EXERCISE
Using the listing below, print the line containing "Screaming sad boy", the line containing "Stylish woman in", and each line between them, exactly and nothing else. Pictures stay out of the print.

EXTRACTED ENTRIES
--- --- ---
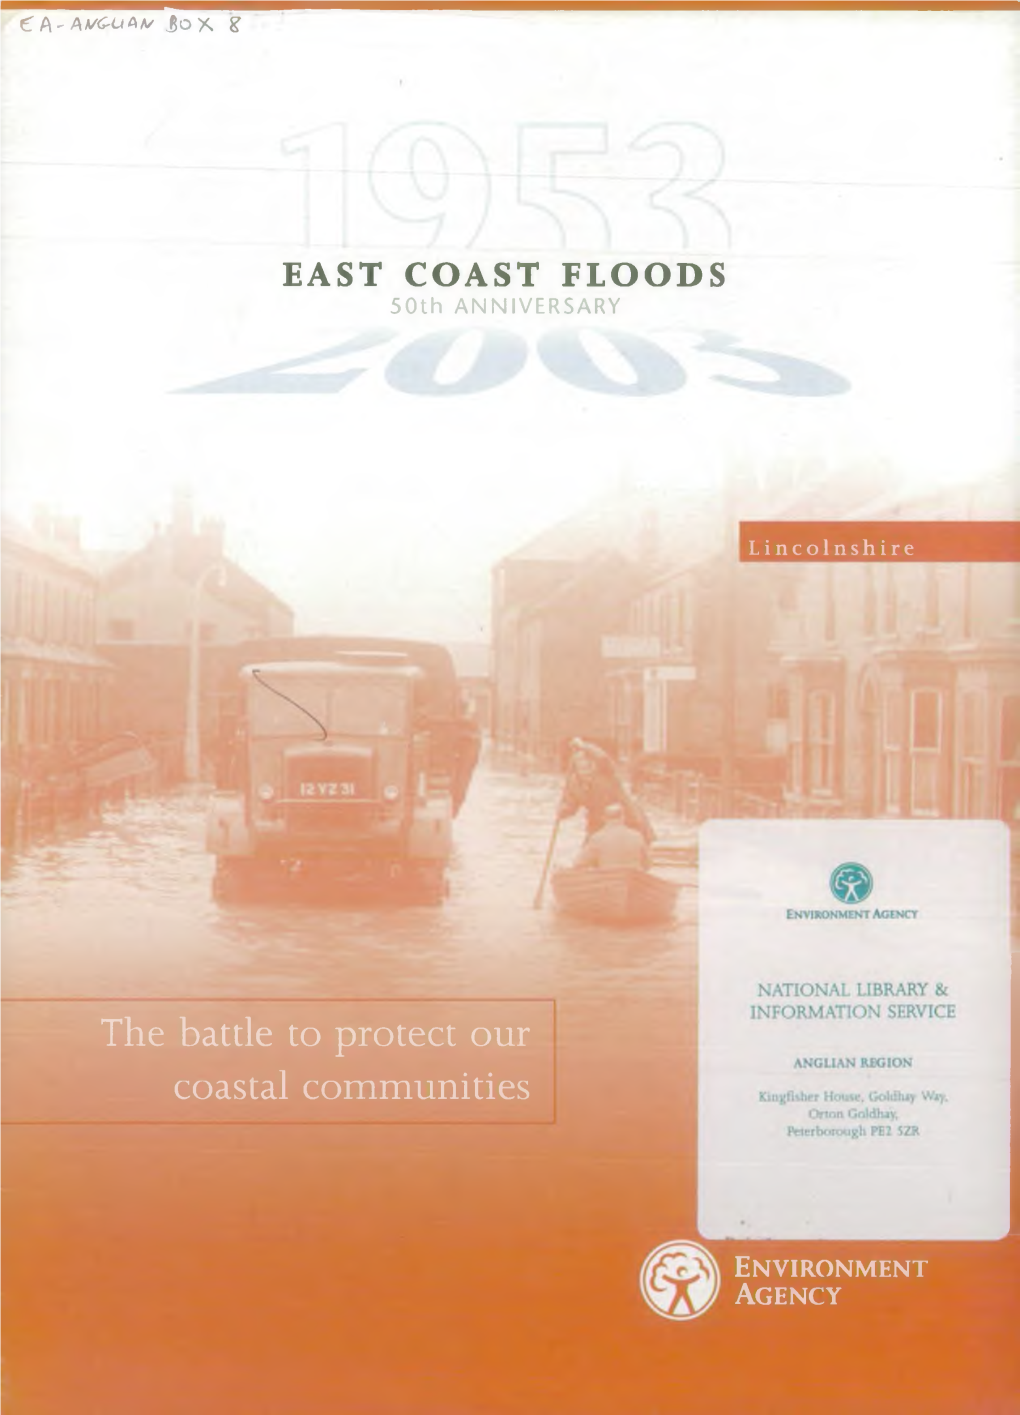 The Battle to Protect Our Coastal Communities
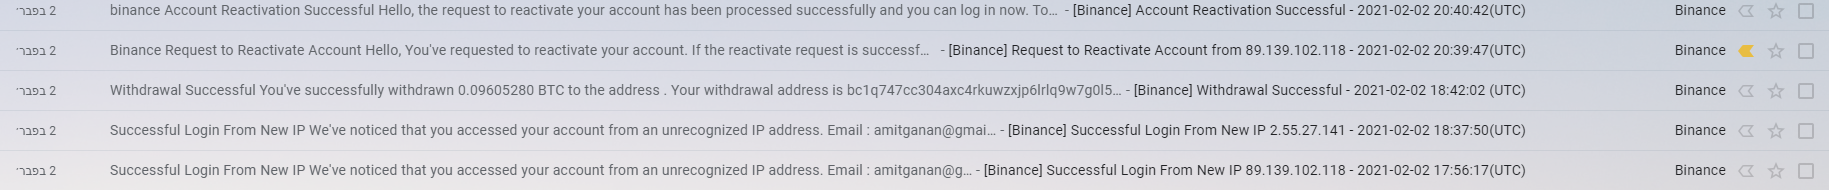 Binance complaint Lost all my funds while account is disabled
--- --- ---
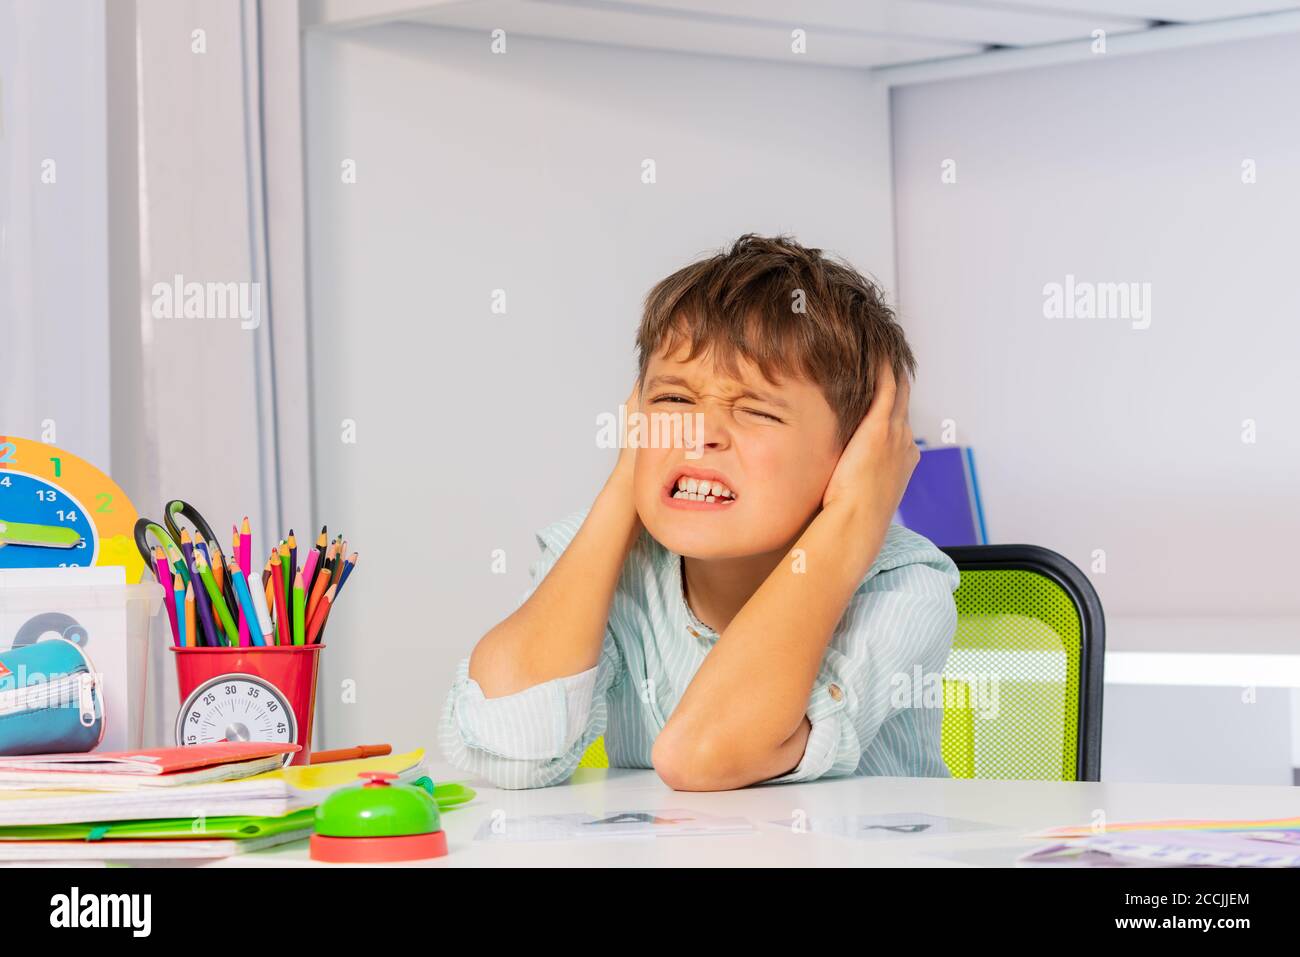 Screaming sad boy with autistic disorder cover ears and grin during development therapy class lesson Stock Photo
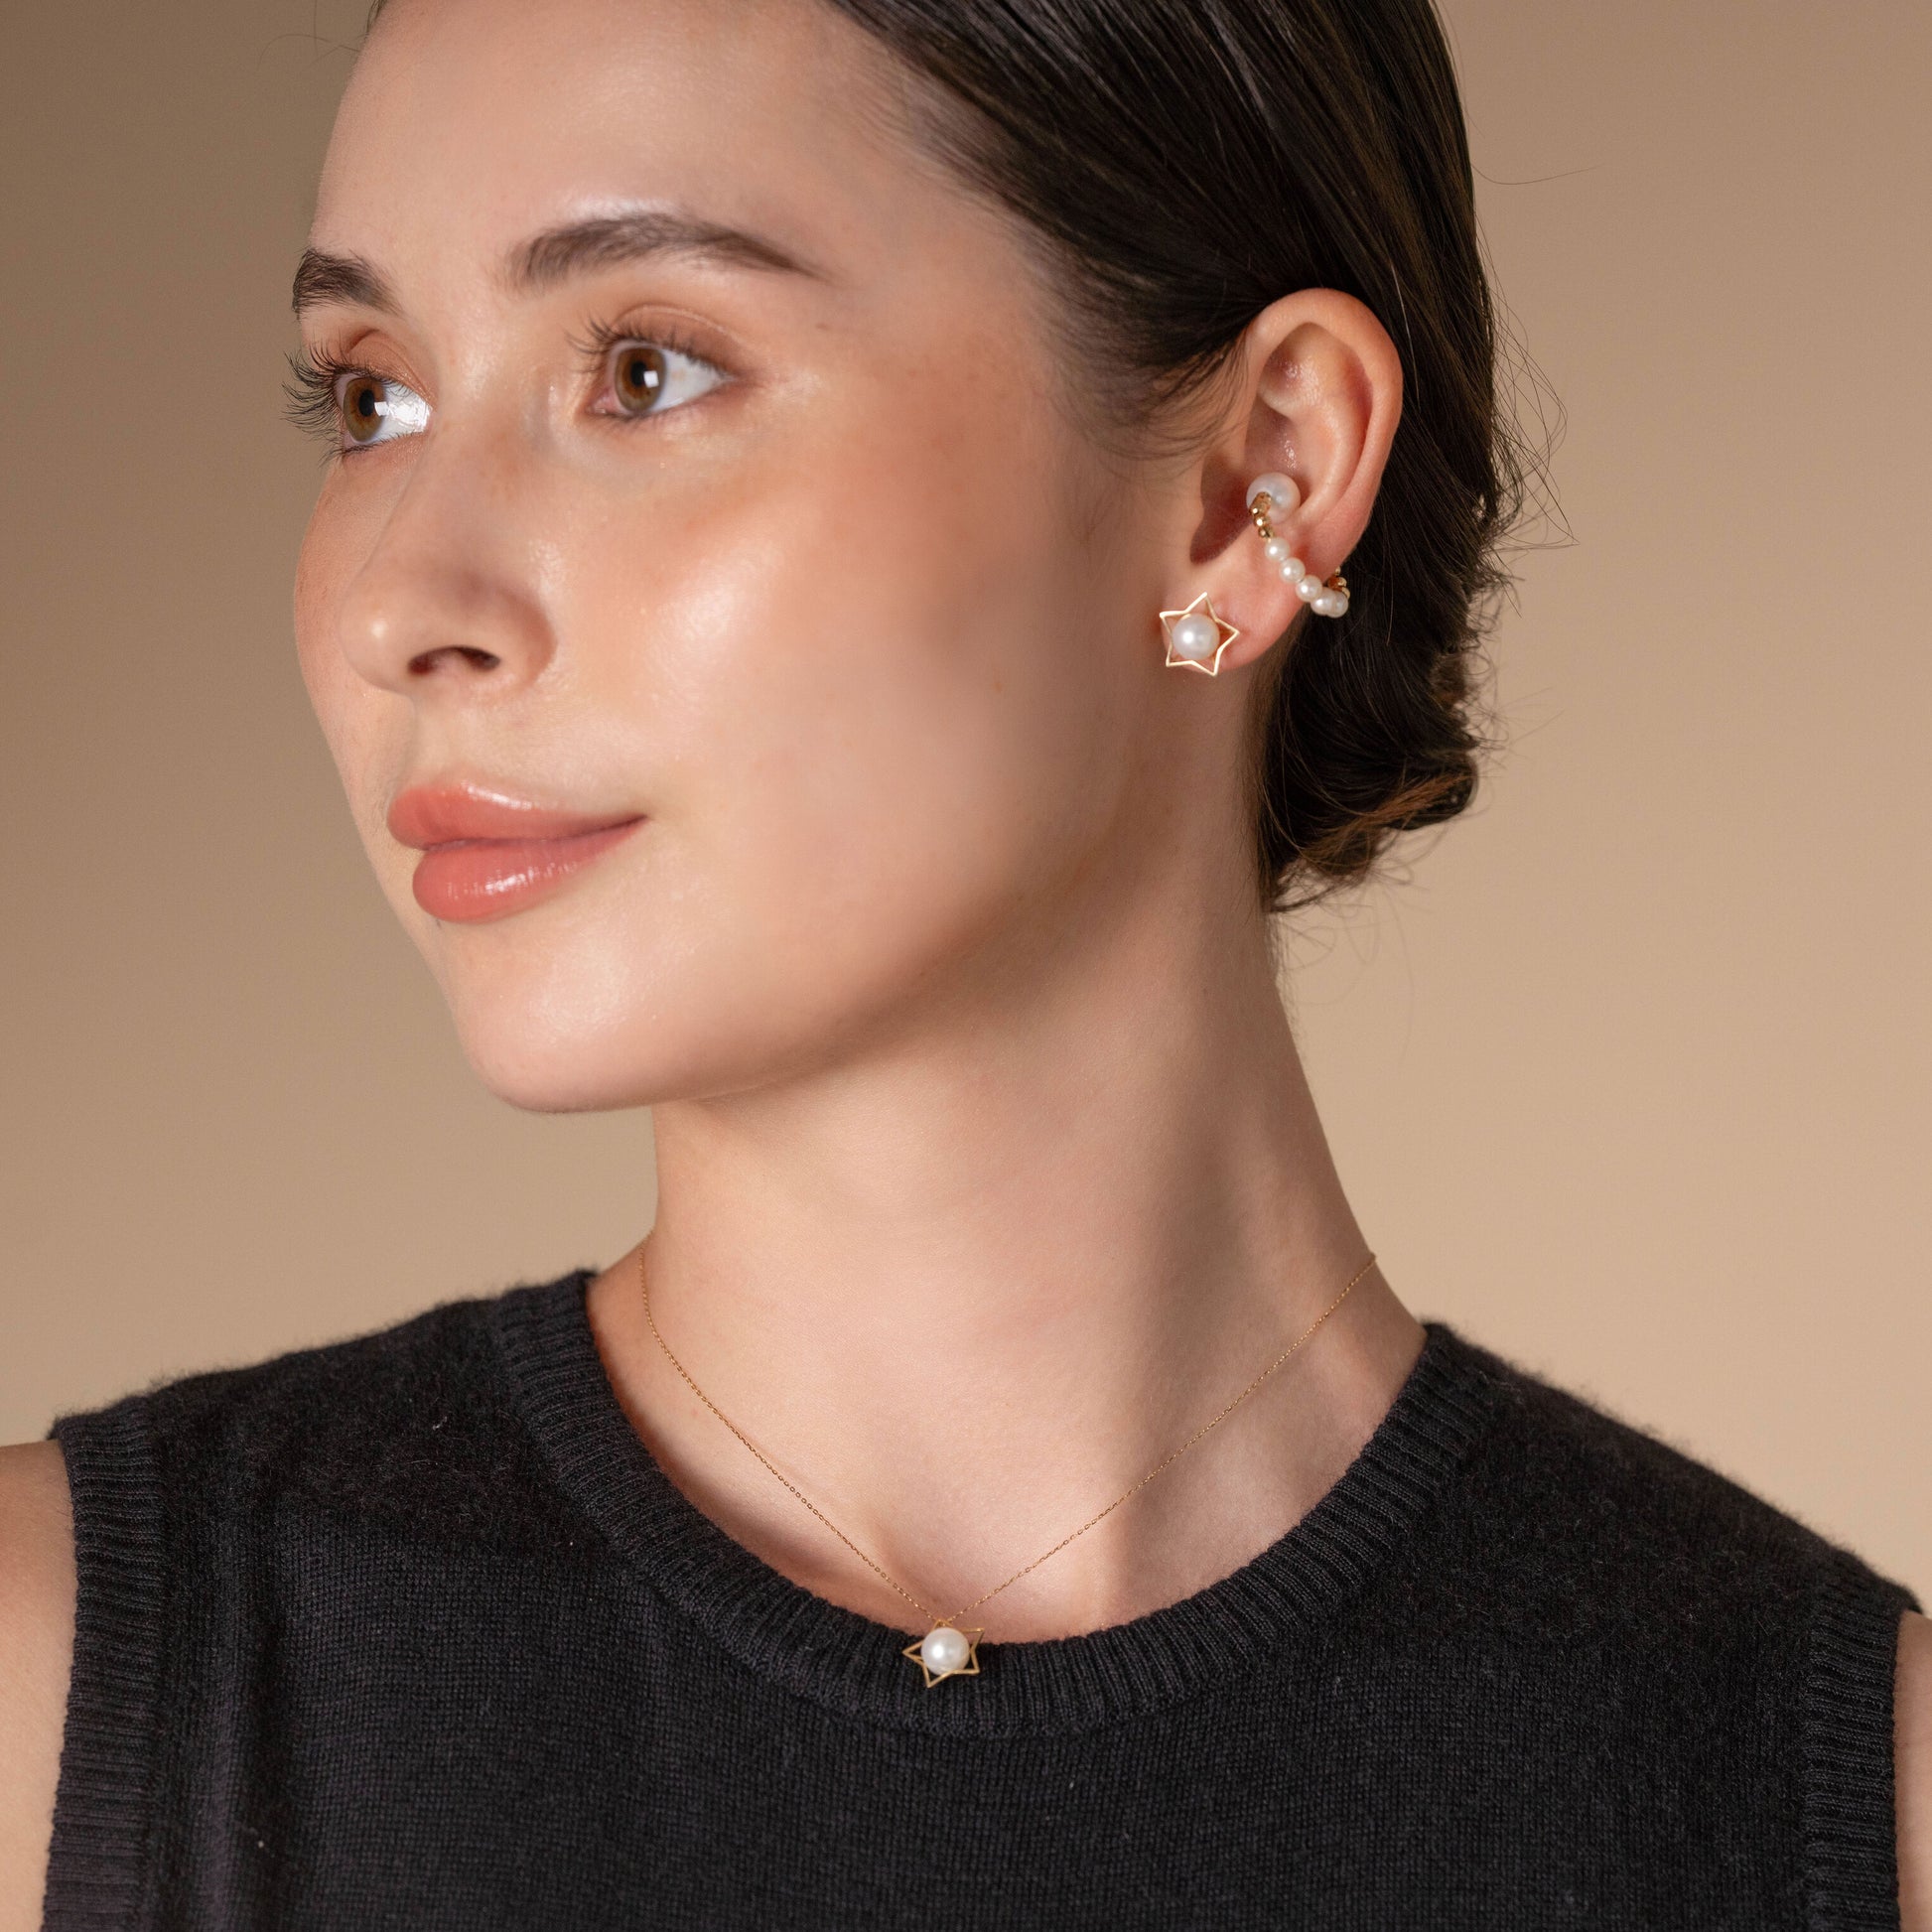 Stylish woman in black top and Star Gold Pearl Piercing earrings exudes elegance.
--- --- ---
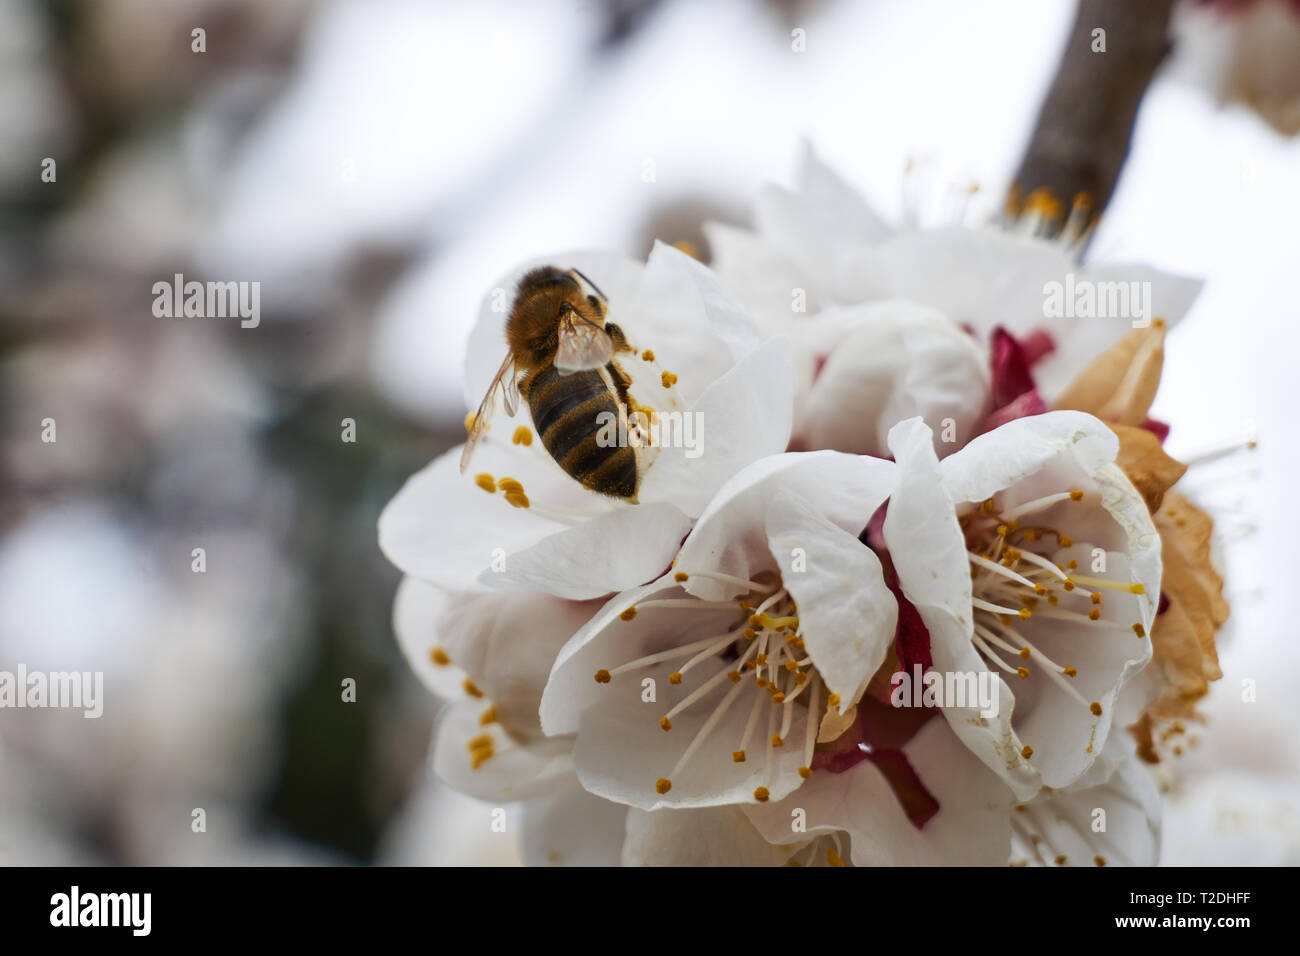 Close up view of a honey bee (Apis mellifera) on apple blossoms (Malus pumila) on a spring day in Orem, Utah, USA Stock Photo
--- --- ---
THE ANSWER
 Screaming sad boy with autistic disorder cover ears and grin during development therapy class lesson Stock Photo
 Stylish woman in black top and Star Gold Pearl Piercing earrings exudes elegance.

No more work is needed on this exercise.